Il a par ailleurs démenti toute discussion à ce stade sur la question nucléaire et a défendu "la situation spéciale" du détroit stratégique d'Ormuz, en raison de sa localisation géographique dans les eaux territoriales de l'Iran et d'Oman.

A Téhéran, les habitants suivent désabusés ces tractations diplomatiques. "Les deux camps tiennent des propos destinés à satisfaire leurs partisans. Il est difficile de savoir qui dit la vérité", commente Ali, un Iranien de 49 ans originaire de Tonekabon, sur la mer Caspienne.

- Hegseth prêt à reprendre le combat -

Dans ce contexte, le ministre américain de la Défense Pete Hegseth a affirmé que les Etats-Unis étaient "tout à fait capables" de reprendre les hostilités contre l'Iran "si nécessaire".

"Nos stocks sont largement adaptés à cet objectif, tant sur place que dans le reste du monde, compte tenu de la manière dont nous équilibrons des munitions de haute technologie et d'autres produites en plus grande quantité", a-t-il déclaré pendant le Dialogue de Shangri-La, un forum sur la défense à Singapour.

La guerre, déclenchée le 28 février par une offensive israélo-américaine contre l'Iran, a fait des milliers de morts, et ébranle l'économie mondiale en faisant grimper les prix du pétrole.

Le trafic maritime dans le détroit d'Ormuz s'est accéléré ces derniers jours, mais "cela ne signifie pas un retour à la situation d'avant-guerre", selon la télévision d'Etat iranienne, l'accès restant d'après elle interdit aux navires des pays "hostiles".

Téhéran réclame la fin des combats sur tous les fronts, en particulier au Liban où s'affrontent son allié, le Hezbollah, et Israël. Une trêve en vigueur depuis le 17 avril n'a jamais été respectée.

L'armée israélienne a encore étendu vendredi sa "zone de combat" dans le sud du Liban, tout en poursuivant ses frappes. Le ministère de la Santé libanais a fait état vendredi de 11 morts dans le sud du pays. Le mouvement pro-iranien a pour sa part revendiqué une nouvelle série d'attaques contre des cibles militaires dans le nord d'Israël, près de la frontière avec le Liban.

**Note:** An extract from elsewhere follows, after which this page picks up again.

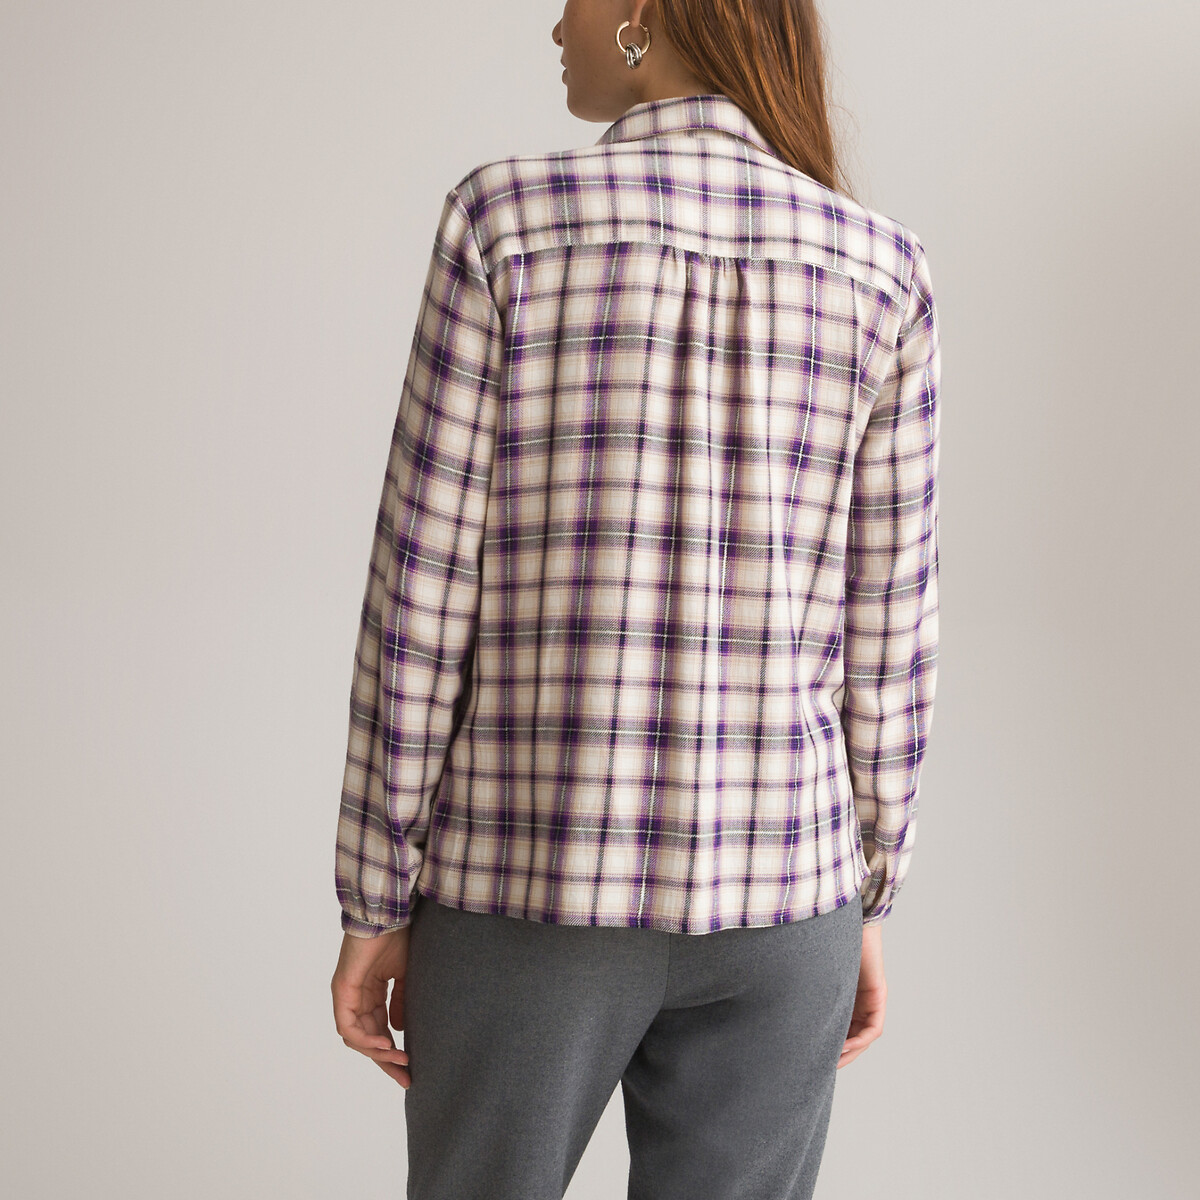 Рубашка в клетку с длинными рукавами  36 (FR) - 42 (RUS) фиолетовый LaRedoute, размер 36 (FR) - 42 (RUS) Рубашка в клетку с длинными рукавами  36 (FR) - 42 (RUS) фиолетовый - фото 4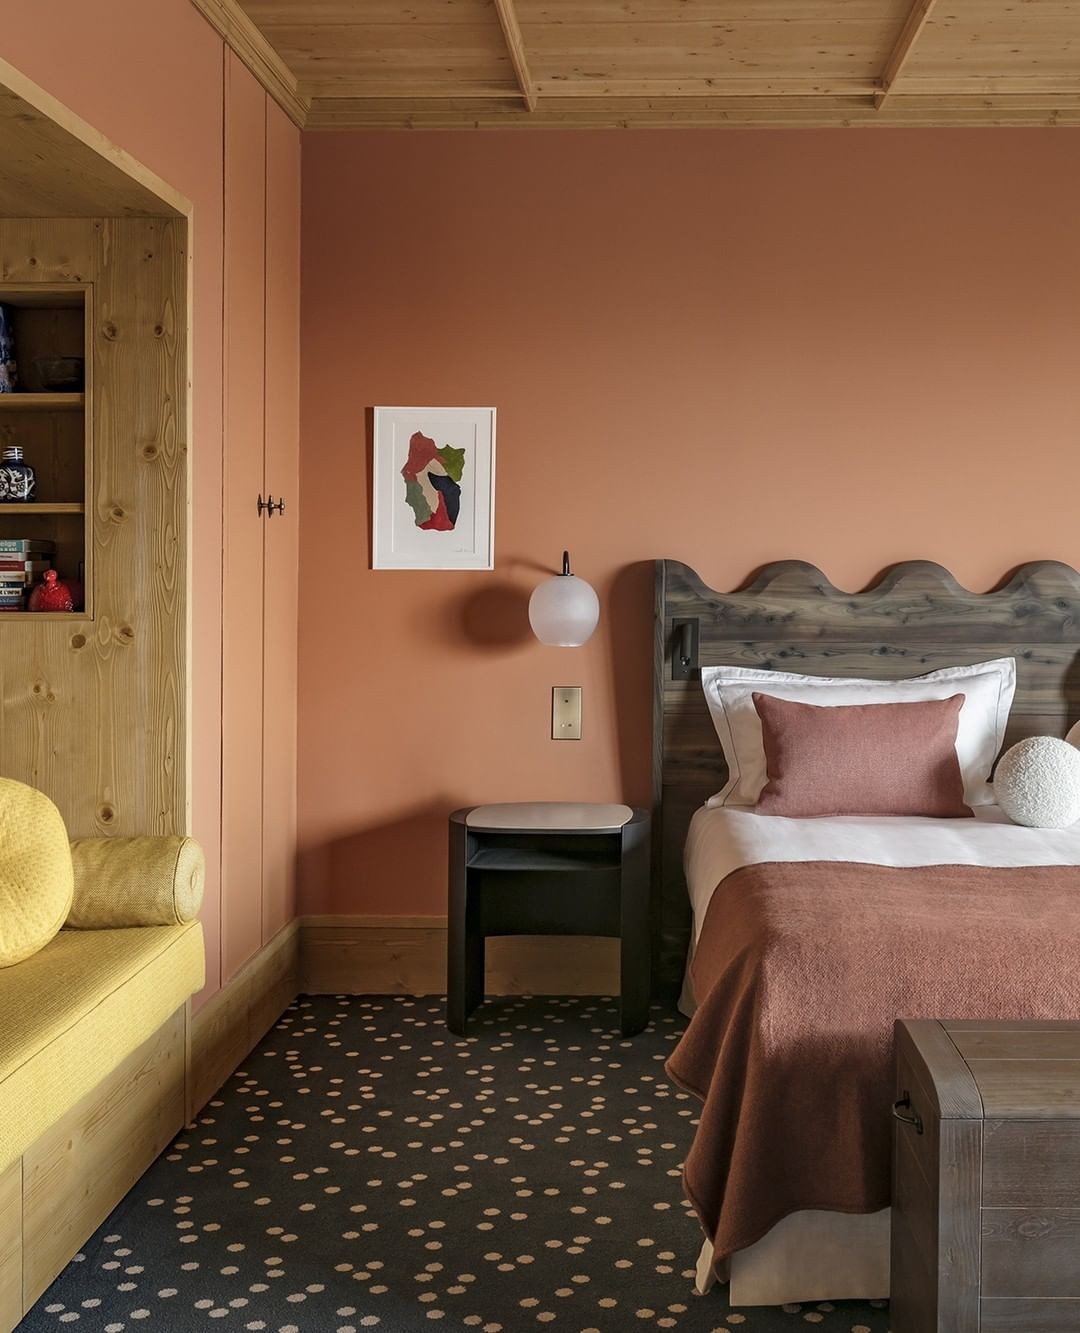 Décor do dia: quarto rosa com madeira clara e póas (Foto: JÉRÔME GALLAND / DIVULGAÇÃO)

Pendant ce temps, des responsables militaires libanais et israéliens ont tenu une réunion à Washington qualifiée de "constructive" par le gouvernement américain. Selon le Pentagone, ces discussions militaires serviront de base à une nouvelle séance de négociations politiques entre représentants des deux pays pour parvenir à un accord de sécurité, les 2 et 3 juin à Washington.

Le Hezbollah est opposé à ces pourparlers et son bloc parlementaire a à nouveau appelé jeudi le Liban à s'en retirer.

Selon le dernier bilan officiel, les frappes israéliennes ont tué au Liban 3.355 personnes depuis le début de la guerre.